Frist's critics assert that his personal history has given him blinders on this issue, because his father and brother founded a company that made millions of dollars by converting nonprofit hospitals into for-profit institutions, and because he has drawn extensive campaign contributions from profit-making health care and related industries.

"Frist is incapable of thinking about a health care system that would reduce the number of for-profit health providers," including nursing homes, managed-care companies and hospitals, said Sidney Wolfe, director of the Health Research Group, an arm of the consumer advocacy group Public Citizen. Wolfe's colleague Frank Clemente, director of Public Citizen's Congress Watch, said that Frist "represents the medical-industrial complex."

Frist spokesman Nick Smith contested that characterization. "As a doctor and now a senator, Frist is bound to the fundamental ideal of improving people's health," Smith said. "He always votes his conscience, and quality patient care has been his priority. His full record testifies to that." His record also makes plain how he prefers to achieve that ideal.

Family Ties

Frist's political activism is barely a decade old. He did not vote until 1988, when he was 36, and former Tennessee newspaper editor John Siegenthaler said that before Frist's first Senate race, it was unclear whether he was a Republican or a Democrat.

He was, however, well-known as a heart transplant surgeon and as a multimillionaire scion of the man who founded the Hospital Corporation of America, the nation's largest for-profit hospital company. In a relationship that links Frist more directly to the health care industry than any other senator, Frist's holdings in HCA stock provided the most significant source of his wealth and helped launch his political career: In 1994, he lent his first Senate campaign $6.24 million, secured partly by HCA stock.

Frist has never been employed by HCA or one of its 258 hospitals and outpatient centers; the company was run mostly by his father, Thomas Frist, and brother Thomas Frist Jr., who was HCA's chairman for 15 years and remains on its board of directors.

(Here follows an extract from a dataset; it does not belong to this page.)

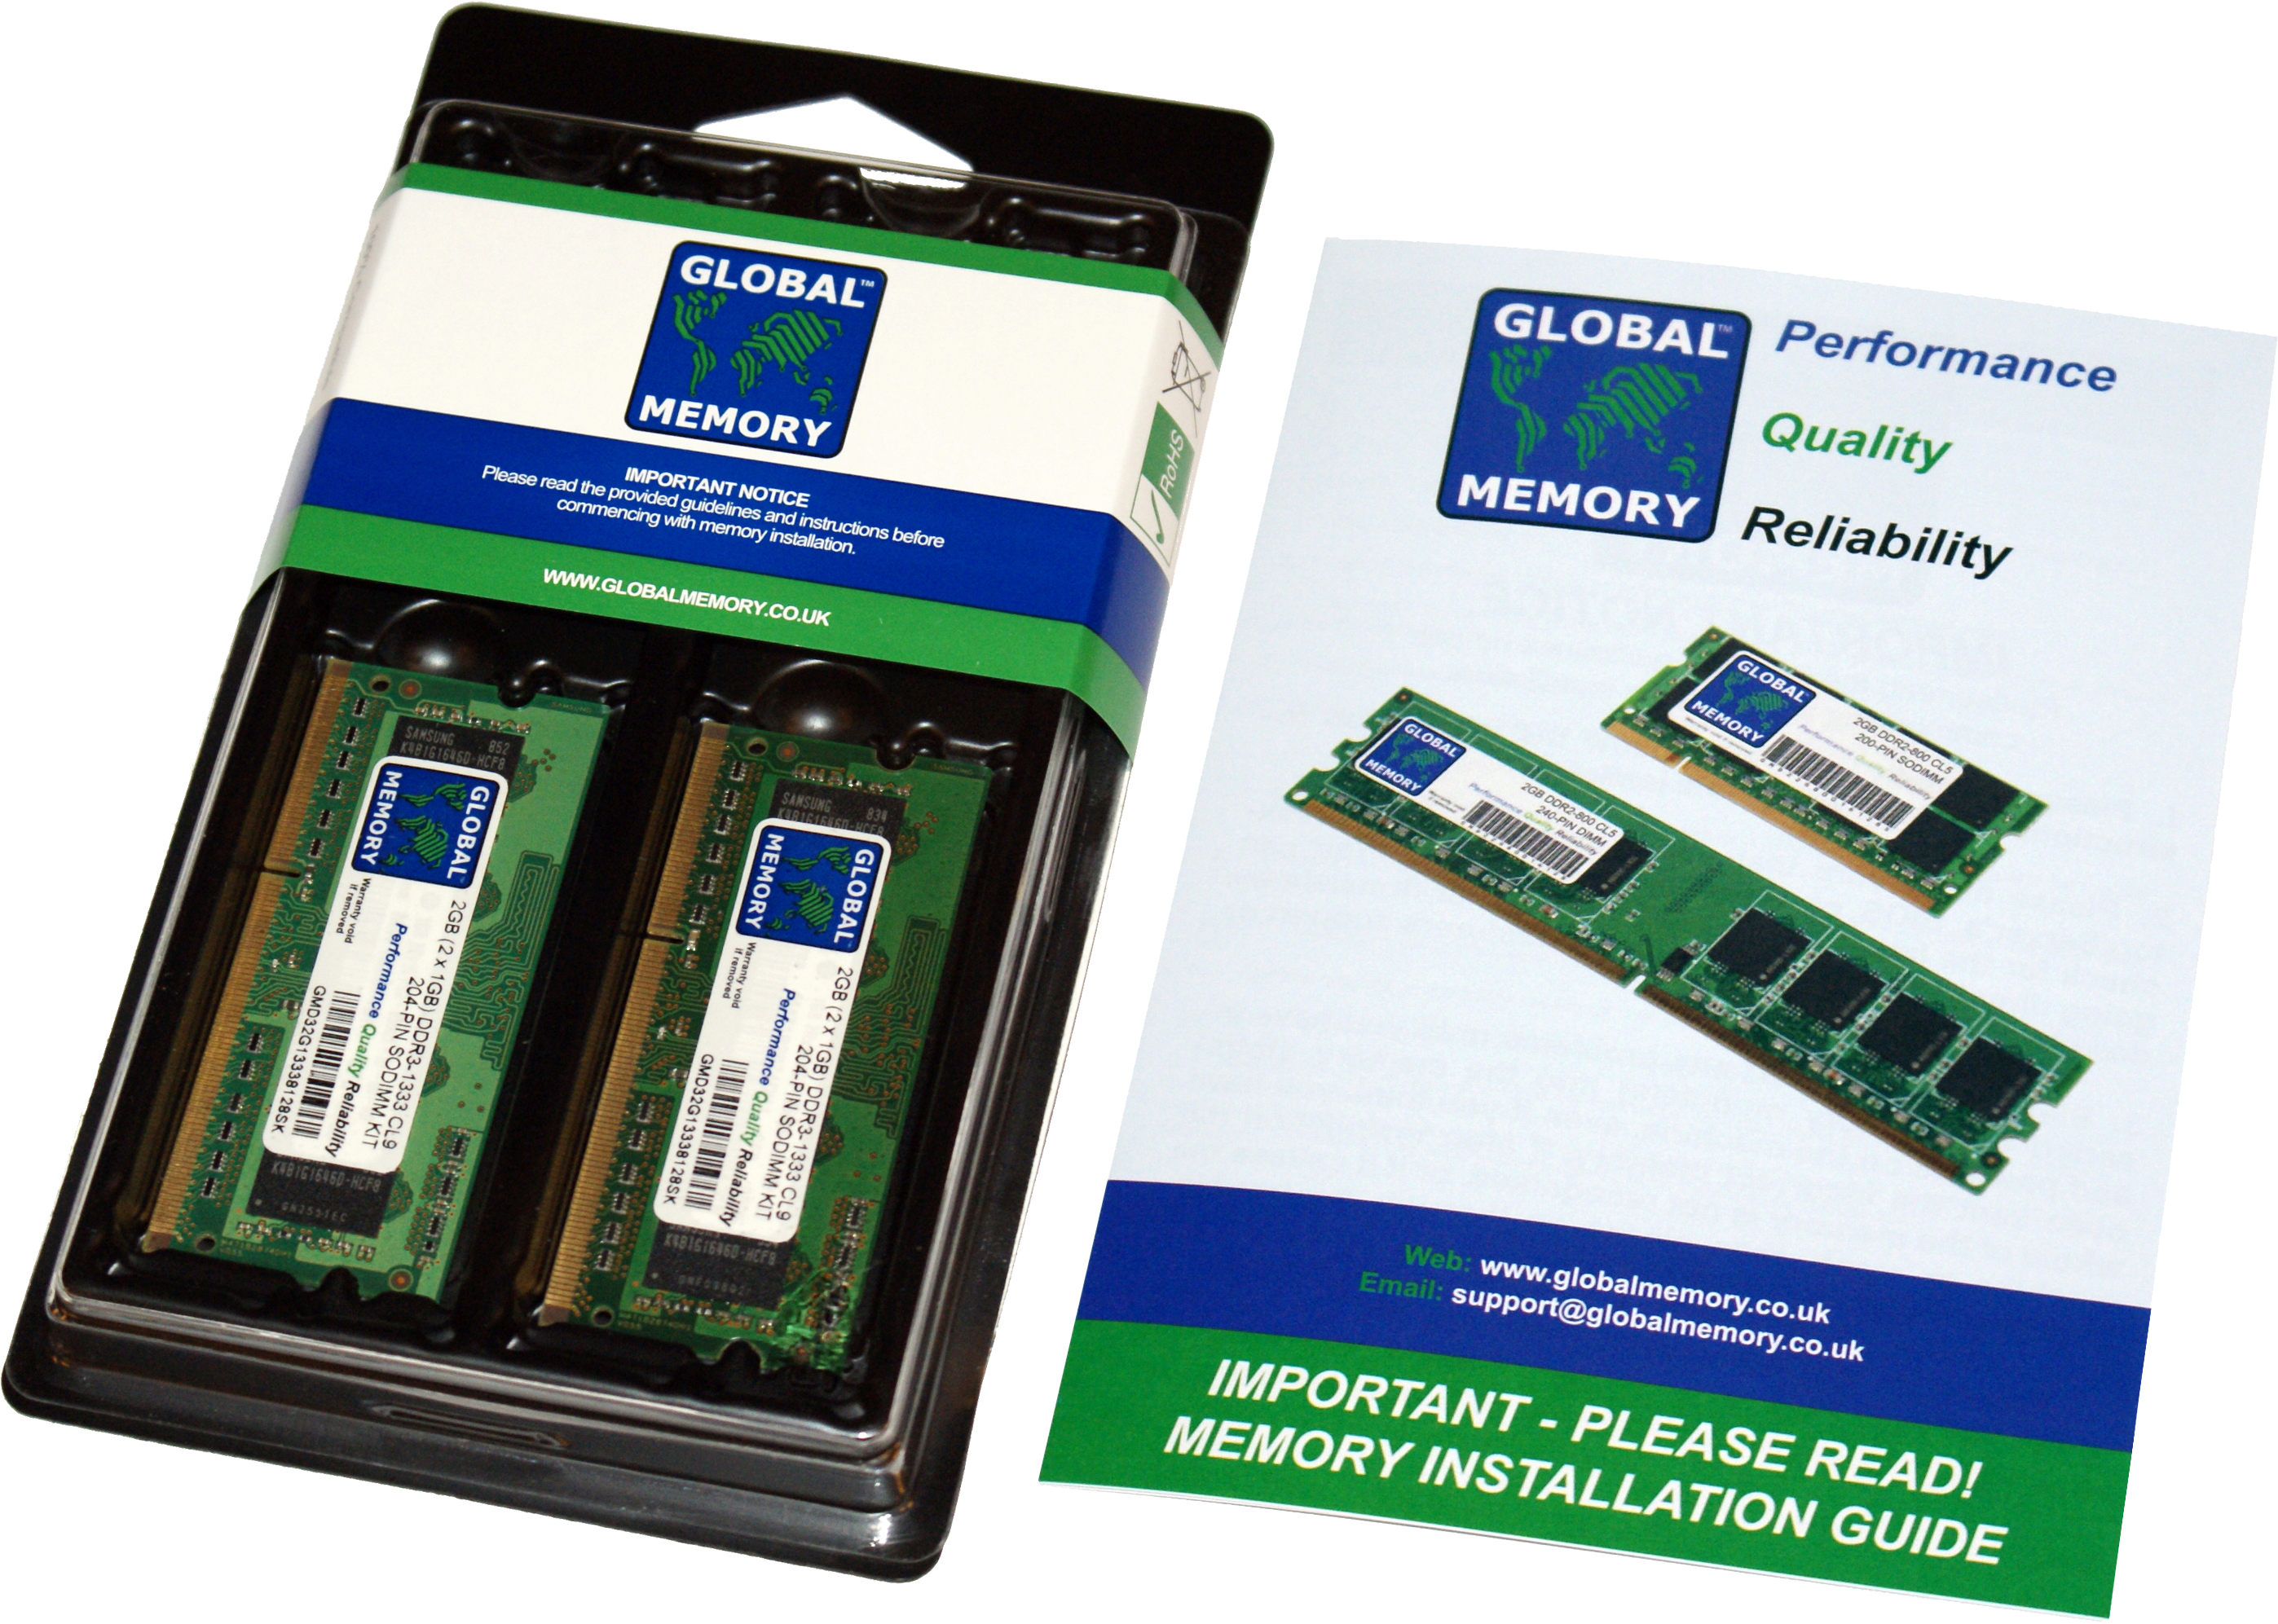 8GB (2 x 4GB) DDR4 2400MHz PC4-19200 260-PIN SODIMM MEMORY RAM KIT FOR DELL LAPTOPS/NOTEBOOKS

During his first campaign, Frist valued his holdings in the company at more than $13 million; a year later, in 1995, he placed them in a blind trust, out of his direct control, and he says today that he no longer knows how much the stock is worth.

As Frist was entering politics, House and Senate committees -- including one chaired by the senator whom Frist would defeat in 1994, James Sasser (D-Tenn.) -- were conducting hearings about Medicare fraud by health care providers, including HCA. In 1993, a General Accounting Office audit alleged specifically that HCA had improperly billed Medicare for partial reimbursement of its spending on items such as liquor, flowers, symphony tickets, a sailing regatta, scholarships for its employees' children, a costly corporate reorganization and a public relations firm to counter its negative image.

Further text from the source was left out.